FICHE QUESTION
11ème législature
Question N° : 20246  de  M.   Sarkozy Nicolas ( Rassemblement pour la République - Hauts-de-Seine ) QE
Ministère interrogé :  intérieur
Ministère attributaire :  intérieur
Question publiée au JO le :  19/10/1998  page :  5662
Réponse publiée au JO le :  30/11/1998  page :  6582
Rubrique :  communes
Tête d'analyse :  conseillers municipaux
Analyse :  déchéance. procédure
Texte de la QUESTION : M. Nicolas Sarkozy appelle l'attention de M. le ministre de l'intérieur sur l'article L. 2121-5 du code général des collectivités territoriales. Cet article prévoit en effet que tout membre d'un conseil municipal qui, sans excuse valable, a refusé de remplir une des fonctions qui lui sont dévolues par les lois, est déclaré démissionnaire par le tribunal administratif. Ce refus résulte soit d'une déclaration expresse adressée à qui de droit ou rendue publique par son auteur, soit de l'abstention persistante après avertissement de l'autorité chargée de la convocation. Il lui demande quels sont les moyens dont dispose un citoyen ou un conseiller municipal pour obtenir la démission d'un conseiller municipal qui refuserait de participer aux séances du conseil municipal alors même que le maire refuse d'adresser à l'intéressé l'avertissement prévu à l'article L. 2121-5 du code général des collectivités territoriales et d'engager ainsi la procédure prévue par l'article R 121-14.

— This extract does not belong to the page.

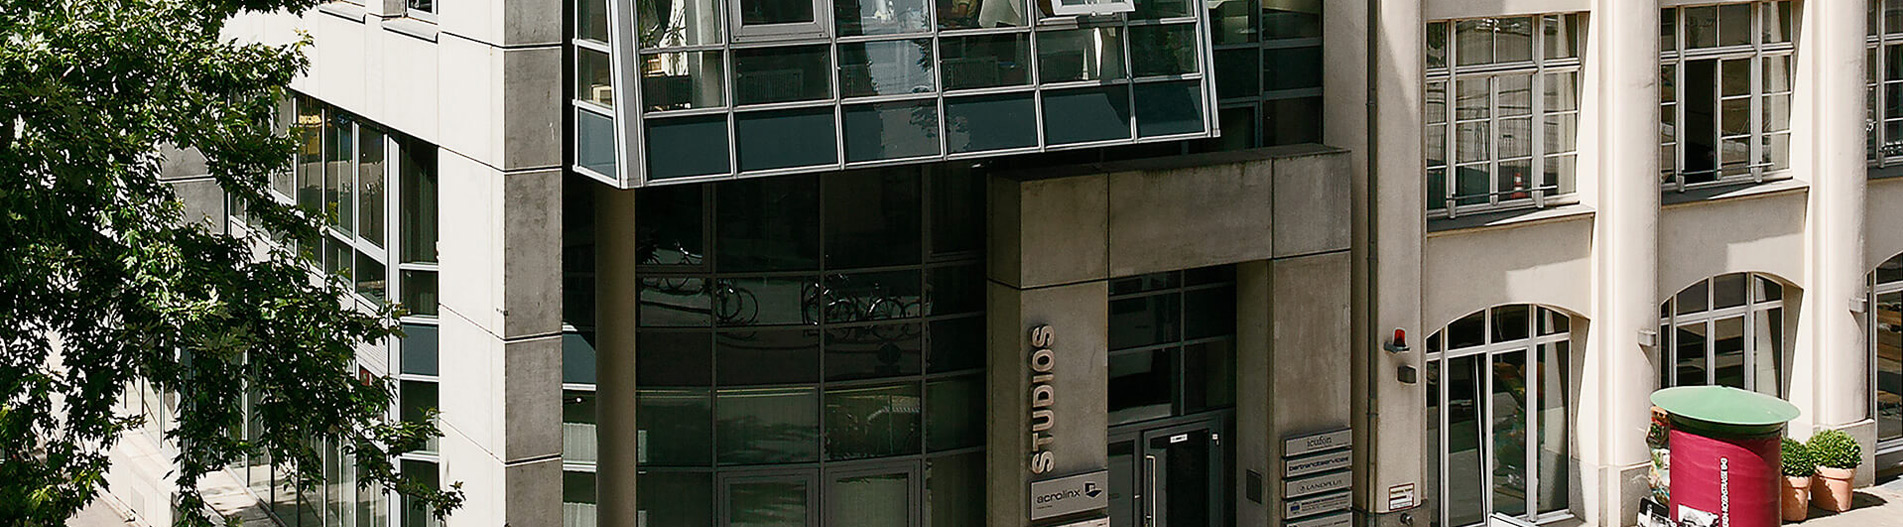 Business Center Berlin Mitte office rentals

Texte de la REPONSE : L'article L. 121-22 du code des communes, relatif à la démission d'office des conseillers municipaux ayant manqué sans excuse valable à trois convocations successives, a été abrogé par la loi n° 82-213 du 2 mars 1982, relative aux droits et libertés des communes, des départements et des régions. Par cette abrogation, le législateur a clairement manifesté sa volonté de faire disparaître toute possibilité de sanctionner un conseiller municipal pour la seule raison qu'il n'assiste pas régulièrement aux séances du conseil municipal, alors qu'était maintenu l'article L. 121-3 du même code, devenu l'article L. 2121-5 du code général des collectivités territoriales, qui sanctionne le refus d'exécution des fonctions dévolues par la loi mais dont il ne saurait être fait application pour le seul motif de l'absence aux séances du conseil municipal, conformément à une jurisprudence constante du Conseil d'Etat (6 novembre 1985, maire de Viry-Châtillon ; 23 juin 1986, maire de Carros ; 21 novembre 1986, maire de Saint-Vivien-de-Monségur ; 30 janvier 1987, ville de Mombrier). En revanche, la démission d'office prévue par l'article L. 2121-5 du code général des collectivités territoriales est prononcée chaque fois qu'un conseiller muncipal s'abstient systématiquement d'exercer les fonctions individuelles qui peuvent lui incomber en vertu de la loi, par exemple, la présidence d'un bureau de vote (art. R. 43 du code électoral), ou bien l'exercice des fonctions de maire à partir de l'installation du conseil jusqu'à l'élection du maire (art. 2122-15 du code général des collectivités territoriales), ou encore le remplacement du maire empêché (art. L. 2122-17 du même code).